Janet Smith does ‘Col du Galibier’ (“toe clips straining, your Chater pedals connect // crank shaft steel direct to the muscle of your / calves, soleus-slow springs gastrocnemius-fast, cranks / knee to knee joined by motor nerves to brain... / contract, relax, contract”). And then there’s Harry Giles’ ‘Alpe d’Huez’, a visual poem, all saw-tooth angles turning this way and that up and down the page (you can listen to the author performing it on Bandcamp, where the poem doubles back on itself and descends the way it’s just gone up):
Outside of the mountains, two poems take us to the back of the bunch: Steve Dearden’s ‘Last’ (“For every RPM, every hour, every k of / my nineteen Tours, I’ve buried my OCD // Before each stage I have to be: / last out of bed, last downstairs, last in breakfast / last sat down”); and Andy Jackson’s ‘Broom Wagon’ (“Some succumb, look anxiously to us, imploring. / Others fight the coming of the end, standing / high on pedals, baring insect-speckled baleen // straining dregs of energy from late-afternoon air.”). At the other extreme of the peloton, Nalini Paul’s ‘Aerial’ puts you into a breakaway (“When your heart becomes itself / and reminds you of gravity / sky is in your lungs / clouds in your breath. / Light sings above the summit / fills your vision with distance.”)

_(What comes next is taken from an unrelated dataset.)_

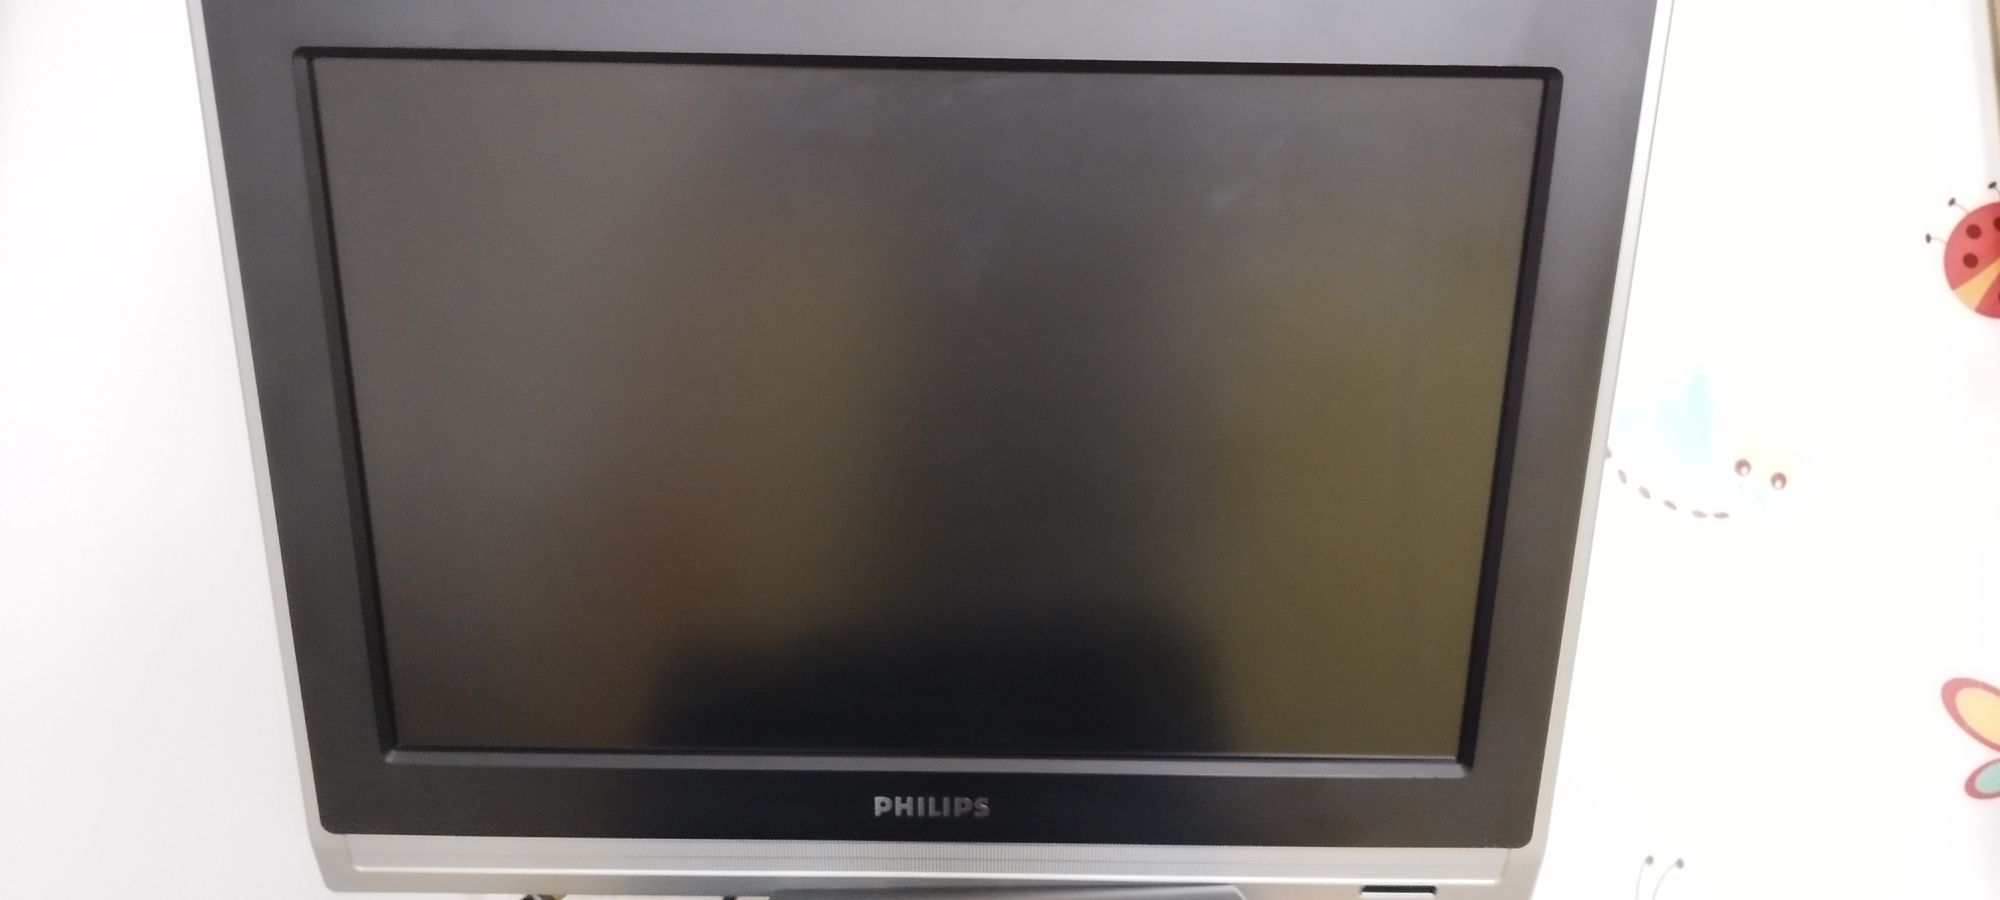 Tv Philips 19 inch

Jon Plunkett’s ‘Dope Test’ is a Fred’s dream of the Tour (“I have ridden the Tour / countless times. The A826 / becomes the long haul / of some Pyrenean slope / or a twisted road / to an Alpine col.”) while Adam Horowitz’s ‘La Plus Belle Avenue du Monde’ offers another Fred’s tale (“Not quite the Avenue des Champs-Élysées, / this tatty high street I am aiming for, / processing on my bike through trees (they line / the road in audience, a score // of birdsong caroled from their upraised arms).”)

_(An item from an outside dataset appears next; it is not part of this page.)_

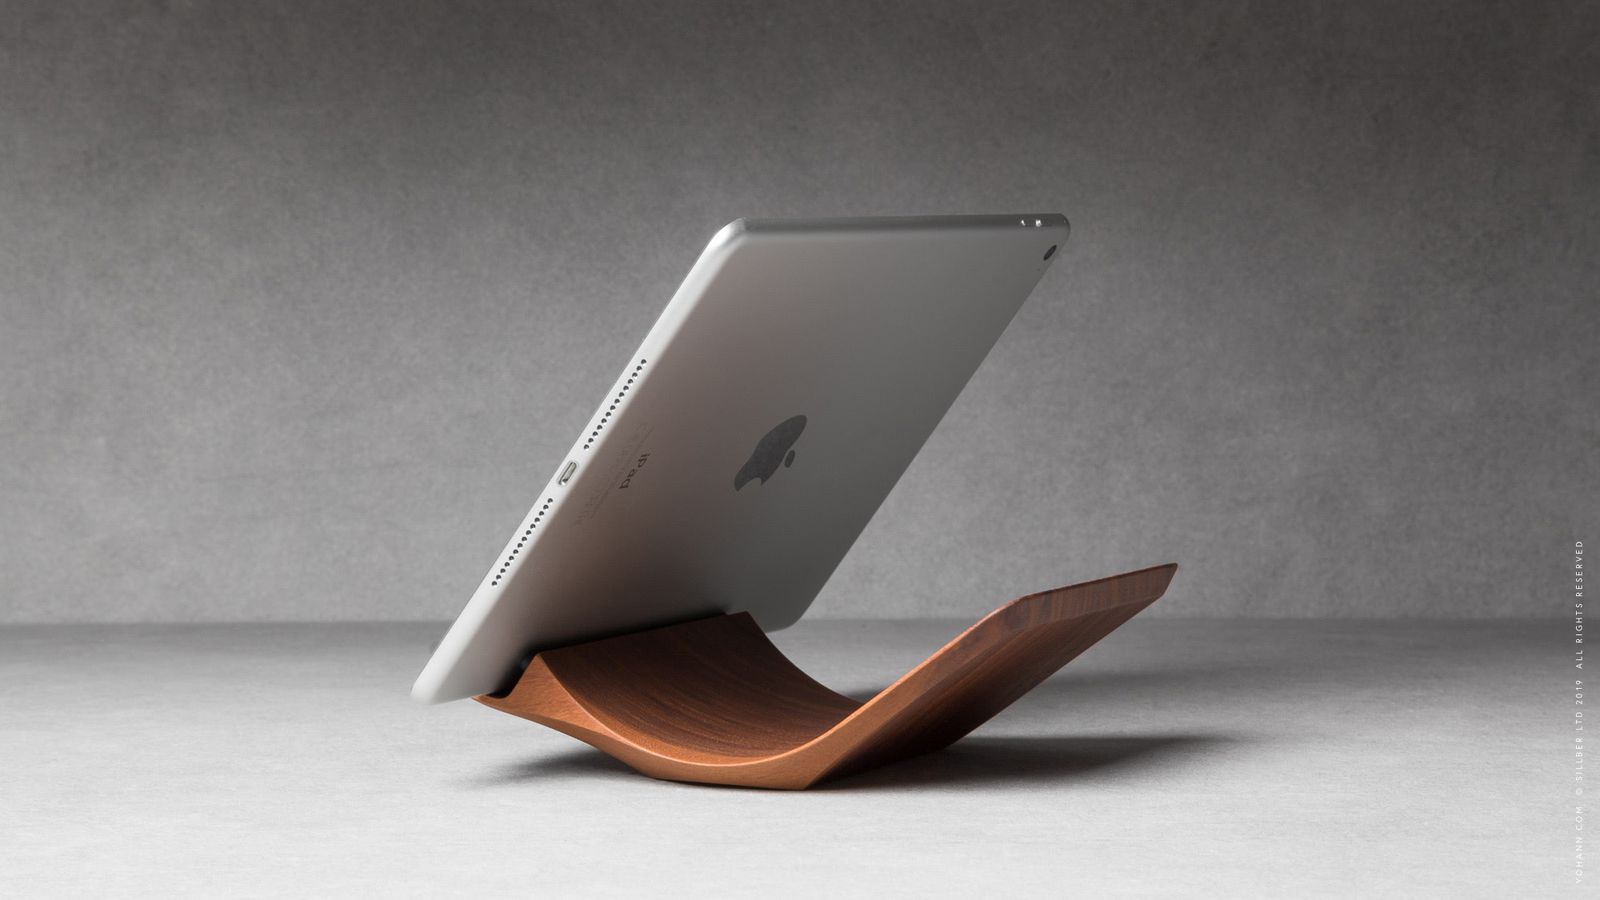 MacRumors Giveaway: Win an iPad or MacBook Stand From Yohann - MacRumors

Jonny Lovett’s ‘Je Suis le Meilleur: Voice of the Yellow Jersey’ does what it says on the tin, giving voice to the yellow jumper (“Maillot jaune. / Sporty cock. / First canary / off the block. / The leading body sock. / One...step...ahead / of the flock.”). Kirsten Irving’s ‘Sidewheel Front Runner’ takes on the green jersey (“from the air, each rider is a clot skewered by a line and from the house, / as a child, your mother would be cheering, even as you fell onto the grass”).
If pressed to pick a favourite among the 19 poems offered here, I would have to choose Sheila Wakefield’s ‘Sprint Finish Haibun’, which mixes prose and poetry in a celebration of fandom and Mario Cipollini, the Lion King: “Saeco’s star, my hero, no Armstrong-style security, is roaming free. I catch his scent, that of masculinity, pure sexuality. I act immediately.”
Overall Tour de Vers’ 19 poems offer a curious take on the Tour, critical and adulatory at the same time, celebrating the real and the imagined and reminding us that the Tour is more than just a big bike race.